━━ Data records
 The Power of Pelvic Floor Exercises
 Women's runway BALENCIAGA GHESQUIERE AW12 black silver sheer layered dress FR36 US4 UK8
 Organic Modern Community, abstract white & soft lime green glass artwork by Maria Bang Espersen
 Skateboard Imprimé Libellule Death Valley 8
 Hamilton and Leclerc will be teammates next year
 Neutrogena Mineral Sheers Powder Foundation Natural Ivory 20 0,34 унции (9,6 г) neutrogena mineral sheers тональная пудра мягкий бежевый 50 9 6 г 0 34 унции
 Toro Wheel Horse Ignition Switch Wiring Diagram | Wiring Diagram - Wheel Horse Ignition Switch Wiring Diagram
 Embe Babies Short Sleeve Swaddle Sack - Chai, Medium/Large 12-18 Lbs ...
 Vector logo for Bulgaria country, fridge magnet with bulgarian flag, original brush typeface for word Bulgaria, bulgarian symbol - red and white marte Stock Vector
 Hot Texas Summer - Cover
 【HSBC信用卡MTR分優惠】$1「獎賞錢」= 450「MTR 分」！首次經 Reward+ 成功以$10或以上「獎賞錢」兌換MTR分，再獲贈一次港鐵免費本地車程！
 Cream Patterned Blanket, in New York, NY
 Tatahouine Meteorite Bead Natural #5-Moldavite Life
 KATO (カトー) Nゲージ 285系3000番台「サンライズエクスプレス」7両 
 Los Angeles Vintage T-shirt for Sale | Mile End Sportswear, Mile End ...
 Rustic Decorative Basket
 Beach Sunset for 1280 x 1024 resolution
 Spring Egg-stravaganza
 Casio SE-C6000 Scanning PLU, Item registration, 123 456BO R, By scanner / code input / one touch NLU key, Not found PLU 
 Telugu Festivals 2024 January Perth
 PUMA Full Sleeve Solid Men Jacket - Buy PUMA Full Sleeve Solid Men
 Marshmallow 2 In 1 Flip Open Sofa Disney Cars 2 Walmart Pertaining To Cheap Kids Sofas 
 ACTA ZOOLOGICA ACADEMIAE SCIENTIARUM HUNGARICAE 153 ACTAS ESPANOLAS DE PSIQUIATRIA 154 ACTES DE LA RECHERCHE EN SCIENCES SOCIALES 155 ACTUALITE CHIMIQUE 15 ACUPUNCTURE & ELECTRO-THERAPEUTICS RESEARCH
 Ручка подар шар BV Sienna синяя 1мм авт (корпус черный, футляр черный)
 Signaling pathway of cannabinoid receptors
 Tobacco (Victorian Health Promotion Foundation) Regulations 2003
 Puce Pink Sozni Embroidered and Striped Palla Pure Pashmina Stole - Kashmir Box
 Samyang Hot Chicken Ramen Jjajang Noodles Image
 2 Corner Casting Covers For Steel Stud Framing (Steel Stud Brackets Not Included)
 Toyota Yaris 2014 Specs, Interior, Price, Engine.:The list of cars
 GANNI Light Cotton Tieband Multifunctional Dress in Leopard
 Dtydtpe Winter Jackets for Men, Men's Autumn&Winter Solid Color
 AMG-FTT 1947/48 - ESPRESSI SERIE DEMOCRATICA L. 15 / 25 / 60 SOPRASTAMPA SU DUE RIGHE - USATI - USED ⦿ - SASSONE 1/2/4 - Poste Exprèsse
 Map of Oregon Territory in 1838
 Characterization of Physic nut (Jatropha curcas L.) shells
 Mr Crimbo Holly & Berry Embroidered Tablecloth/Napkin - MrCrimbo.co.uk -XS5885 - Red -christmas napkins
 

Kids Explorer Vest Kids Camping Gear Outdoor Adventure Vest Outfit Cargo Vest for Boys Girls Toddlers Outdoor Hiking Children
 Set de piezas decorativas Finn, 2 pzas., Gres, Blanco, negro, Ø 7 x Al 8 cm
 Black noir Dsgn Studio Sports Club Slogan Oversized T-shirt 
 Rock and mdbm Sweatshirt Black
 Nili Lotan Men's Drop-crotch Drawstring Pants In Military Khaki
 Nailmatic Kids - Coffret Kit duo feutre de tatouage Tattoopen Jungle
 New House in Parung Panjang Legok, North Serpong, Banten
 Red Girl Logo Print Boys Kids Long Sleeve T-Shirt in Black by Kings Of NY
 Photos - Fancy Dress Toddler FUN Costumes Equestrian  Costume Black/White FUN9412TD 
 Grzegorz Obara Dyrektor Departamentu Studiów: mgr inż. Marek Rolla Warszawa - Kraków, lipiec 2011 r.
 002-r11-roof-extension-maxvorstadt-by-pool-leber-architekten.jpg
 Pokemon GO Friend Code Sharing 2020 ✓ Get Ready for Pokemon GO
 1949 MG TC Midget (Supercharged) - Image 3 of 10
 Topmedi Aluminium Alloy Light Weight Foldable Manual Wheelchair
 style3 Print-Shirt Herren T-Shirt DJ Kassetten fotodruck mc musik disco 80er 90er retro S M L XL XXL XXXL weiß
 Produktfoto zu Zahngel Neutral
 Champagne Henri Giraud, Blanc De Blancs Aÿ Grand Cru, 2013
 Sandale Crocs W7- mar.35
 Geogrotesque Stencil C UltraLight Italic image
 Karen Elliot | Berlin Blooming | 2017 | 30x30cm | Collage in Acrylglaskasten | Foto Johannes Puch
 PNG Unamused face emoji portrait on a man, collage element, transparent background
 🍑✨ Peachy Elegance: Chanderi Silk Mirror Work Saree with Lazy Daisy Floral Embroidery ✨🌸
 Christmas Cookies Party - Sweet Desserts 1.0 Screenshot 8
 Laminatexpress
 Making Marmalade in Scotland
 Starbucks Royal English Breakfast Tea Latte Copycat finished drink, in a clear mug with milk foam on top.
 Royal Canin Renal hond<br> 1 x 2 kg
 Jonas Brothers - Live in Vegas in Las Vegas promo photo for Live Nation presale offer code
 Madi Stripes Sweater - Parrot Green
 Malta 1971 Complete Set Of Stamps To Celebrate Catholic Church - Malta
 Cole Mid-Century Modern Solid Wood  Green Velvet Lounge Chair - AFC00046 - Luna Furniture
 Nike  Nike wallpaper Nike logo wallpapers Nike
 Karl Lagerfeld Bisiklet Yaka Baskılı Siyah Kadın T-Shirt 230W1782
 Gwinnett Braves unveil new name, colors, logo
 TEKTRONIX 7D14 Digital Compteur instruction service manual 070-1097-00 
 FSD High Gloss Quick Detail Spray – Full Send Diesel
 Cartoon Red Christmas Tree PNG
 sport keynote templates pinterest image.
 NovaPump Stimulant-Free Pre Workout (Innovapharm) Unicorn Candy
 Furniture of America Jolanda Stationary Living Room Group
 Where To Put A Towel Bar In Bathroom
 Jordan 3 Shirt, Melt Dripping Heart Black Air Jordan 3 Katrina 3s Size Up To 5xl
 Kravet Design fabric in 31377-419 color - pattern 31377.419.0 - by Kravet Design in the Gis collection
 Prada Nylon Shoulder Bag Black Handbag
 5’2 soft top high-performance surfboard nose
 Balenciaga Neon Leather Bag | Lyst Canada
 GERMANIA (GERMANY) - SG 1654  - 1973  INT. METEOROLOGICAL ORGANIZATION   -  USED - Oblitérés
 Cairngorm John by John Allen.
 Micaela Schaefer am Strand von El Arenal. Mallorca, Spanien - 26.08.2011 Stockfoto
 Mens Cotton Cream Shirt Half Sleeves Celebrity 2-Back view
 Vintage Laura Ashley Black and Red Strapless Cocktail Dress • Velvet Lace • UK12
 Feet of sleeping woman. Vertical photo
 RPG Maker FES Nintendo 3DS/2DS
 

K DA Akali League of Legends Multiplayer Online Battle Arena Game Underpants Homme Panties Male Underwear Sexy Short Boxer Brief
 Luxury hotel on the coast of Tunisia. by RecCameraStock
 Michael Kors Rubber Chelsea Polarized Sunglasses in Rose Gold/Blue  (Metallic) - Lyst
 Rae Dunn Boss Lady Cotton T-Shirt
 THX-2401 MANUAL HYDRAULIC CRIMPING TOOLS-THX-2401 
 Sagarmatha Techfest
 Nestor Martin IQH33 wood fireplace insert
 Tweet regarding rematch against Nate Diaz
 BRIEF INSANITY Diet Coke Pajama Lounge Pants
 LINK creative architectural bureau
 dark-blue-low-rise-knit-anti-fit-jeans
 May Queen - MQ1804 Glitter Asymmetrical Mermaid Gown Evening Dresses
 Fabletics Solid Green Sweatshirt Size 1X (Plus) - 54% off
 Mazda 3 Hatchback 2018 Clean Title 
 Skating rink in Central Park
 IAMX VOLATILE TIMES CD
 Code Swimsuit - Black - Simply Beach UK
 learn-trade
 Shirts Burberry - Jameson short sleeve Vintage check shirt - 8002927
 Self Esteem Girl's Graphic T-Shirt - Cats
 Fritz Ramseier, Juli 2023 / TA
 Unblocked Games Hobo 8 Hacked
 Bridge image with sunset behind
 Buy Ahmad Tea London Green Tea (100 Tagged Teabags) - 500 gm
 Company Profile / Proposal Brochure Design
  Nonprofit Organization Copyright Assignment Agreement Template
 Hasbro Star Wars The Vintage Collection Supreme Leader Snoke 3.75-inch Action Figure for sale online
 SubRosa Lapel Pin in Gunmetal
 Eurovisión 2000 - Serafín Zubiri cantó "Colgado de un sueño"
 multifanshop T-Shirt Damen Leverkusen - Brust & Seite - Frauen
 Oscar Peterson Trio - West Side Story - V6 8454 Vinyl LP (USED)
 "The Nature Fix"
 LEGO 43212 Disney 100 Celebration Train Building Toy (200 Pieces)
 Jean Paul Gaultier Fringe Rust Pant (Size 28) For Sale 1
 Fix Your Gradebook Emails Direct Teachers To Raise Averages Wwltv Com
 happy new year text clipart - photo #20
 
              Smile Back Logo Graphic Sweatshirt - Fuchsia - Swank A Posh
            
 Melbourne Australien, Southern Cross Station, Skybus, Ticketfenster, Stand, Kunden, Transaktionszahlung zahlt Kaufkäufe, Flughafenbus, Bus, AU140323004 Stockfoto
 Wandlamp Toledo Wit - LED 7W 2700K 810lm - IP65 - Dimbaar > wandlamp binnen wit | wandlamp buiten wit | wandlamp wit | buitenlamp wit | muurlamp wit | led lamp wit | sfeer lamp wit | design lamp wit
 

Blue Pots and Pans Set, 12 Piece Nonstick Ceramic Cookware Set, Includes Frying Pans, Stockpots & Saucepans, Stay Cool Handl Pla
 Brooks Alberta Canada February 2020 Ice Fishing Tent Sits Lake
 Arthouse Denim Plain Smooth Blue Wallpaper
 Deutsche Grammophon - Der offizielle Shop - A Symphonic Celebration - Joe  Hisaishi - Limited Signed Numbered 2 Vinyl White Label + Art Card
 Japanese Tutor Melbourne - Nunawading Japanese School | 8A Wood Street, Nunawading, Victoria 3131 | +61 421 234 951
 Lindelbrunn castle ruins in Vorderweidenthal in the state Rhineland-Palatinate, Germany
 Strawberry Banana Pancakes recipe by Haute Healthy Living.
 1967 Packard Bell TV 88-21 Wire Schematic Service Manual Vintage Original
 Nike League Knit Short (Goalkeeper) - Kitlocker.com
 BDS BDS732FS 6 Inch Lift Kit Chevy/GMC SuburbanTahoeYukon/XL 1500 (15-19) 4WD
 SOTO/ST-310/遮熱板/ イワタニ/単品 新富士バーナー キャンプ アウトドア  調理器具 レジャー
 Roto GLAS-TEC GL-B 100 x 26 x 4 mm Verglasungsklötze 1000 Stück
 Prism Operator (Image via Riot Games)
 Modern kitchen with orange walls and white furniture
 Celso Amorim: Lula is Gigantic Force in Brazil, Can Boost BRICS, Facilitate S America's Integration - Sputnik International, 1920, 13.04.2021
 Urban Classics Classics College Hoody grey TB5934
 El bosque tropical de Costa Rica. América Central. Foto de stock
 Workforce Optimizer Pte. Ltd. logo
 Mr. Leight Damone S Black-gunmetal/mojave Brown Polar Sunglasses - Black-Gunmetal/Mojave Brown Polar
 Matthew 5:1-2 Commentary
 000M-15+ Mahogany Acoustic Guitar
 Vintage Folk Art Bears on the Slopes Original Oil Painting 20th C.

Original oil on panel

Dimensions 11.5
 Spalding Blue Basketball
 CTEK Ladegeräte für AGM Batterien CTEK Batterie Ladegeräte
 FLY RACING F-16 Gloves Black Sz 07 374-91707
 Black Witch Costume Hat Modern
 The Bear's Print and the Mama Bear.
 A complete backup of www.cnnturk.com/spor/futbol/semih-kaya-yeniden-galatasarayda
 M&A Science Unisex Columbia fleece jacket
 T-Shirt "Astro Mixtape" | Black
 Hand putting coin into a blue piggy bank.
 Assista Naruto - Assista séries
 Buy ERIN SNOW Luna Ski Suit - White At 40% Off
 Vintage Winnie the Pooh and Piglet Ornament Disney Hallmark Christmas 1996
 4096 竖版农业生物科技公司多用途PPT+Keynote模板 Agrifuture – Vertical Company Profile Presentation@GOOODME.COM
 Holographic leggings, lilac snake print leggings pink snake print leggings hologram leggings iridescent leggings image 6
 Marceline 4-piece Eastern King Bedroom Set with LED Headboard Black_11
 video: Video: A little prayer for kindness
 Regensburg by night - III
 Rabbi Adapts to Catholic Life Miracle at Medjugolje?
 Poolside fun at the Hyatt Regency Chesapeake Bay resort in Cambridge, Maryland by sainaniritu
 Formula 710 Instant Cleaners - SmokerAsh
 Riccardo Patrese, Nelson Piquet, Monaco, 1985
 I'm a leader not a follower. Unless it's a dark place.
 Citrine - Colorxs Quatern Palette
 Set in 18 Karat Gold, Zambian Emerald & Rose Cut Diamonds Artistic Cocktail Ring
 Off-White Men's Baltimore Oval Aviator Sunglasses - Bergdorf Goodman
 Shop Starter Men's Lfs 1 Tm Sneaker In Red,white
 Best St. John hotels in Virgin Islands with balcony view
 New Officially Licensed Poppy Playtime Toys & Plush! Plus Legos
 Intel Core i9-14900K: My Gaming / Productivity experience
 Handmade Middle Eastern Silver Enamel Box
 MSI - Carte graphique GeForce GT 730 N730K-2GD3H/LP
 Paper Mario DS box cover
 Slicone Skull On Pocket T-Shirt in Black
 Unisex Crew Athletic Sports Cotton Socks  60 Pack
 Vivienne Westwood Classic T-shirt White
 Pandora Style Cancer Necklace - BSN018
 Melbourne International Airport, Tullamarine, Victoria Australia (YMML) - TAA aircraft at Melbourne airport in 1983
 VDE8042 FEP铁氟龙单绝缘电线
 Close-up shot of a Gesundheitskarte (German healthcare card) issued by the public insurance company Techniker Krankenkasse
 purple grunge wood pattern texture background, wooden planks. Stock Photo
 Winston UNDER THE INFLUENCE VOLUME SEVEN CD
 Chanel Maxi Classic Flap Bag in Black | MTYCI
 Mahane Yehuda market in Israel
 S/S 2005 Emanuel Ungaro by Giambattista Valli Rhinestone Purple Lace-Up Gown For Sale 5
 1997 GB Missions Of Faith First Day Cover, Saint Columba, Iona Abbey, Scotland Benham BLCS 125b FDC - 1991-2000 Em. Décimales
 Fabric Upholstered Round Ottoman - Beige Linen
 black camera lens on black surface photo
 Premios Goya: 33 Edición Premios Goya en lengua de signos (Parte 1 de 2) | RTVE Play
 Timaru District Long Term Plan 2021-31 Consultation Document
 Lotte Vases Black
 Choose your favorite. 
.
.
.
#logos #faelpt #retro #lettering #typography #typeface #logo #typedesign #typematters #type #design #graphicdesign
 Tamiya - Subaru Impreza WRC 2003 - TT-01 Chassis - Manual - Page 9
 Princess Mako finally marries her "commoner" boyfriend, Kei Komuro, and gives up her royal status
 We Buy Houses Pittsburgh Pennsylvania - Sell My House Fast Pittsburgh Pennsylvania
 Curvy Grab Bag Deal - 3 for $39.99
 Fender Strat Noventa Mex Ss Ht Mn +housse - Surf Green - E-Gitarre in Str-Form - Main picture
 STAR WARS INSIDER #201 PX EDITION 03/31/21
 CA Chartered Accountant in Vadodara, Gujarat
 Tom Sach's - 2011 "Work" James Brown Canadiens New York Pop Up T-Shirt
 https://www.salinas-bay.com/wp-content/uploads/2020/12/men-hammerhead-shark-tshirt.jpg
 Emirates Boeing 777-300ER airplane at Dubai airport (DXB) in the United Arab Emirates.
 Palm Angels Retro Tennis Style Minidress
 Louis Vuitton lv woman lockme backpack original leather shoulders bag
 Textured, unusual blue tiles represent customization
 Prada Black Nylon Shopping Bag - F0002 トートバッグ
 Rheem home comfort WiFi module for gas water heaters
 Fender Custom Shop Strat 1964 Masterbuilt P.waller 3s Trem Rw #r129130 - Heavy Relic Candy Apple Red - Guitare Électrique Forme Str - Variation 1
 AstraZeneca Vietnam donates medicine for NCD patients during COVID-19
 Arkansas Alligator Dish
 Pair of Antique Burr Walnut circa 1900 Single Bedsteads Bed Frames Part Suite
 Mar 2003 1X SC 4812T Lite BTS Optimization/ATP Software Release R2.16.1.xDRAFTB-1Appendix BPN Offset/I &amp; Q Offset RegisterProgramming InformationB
━━━━
__Required work__
Pull together all lines from the data that mention the word "year".

__Written reply__
 Hamilton and Leclerc will be teammates next year
 happy new year text clipart - photo #20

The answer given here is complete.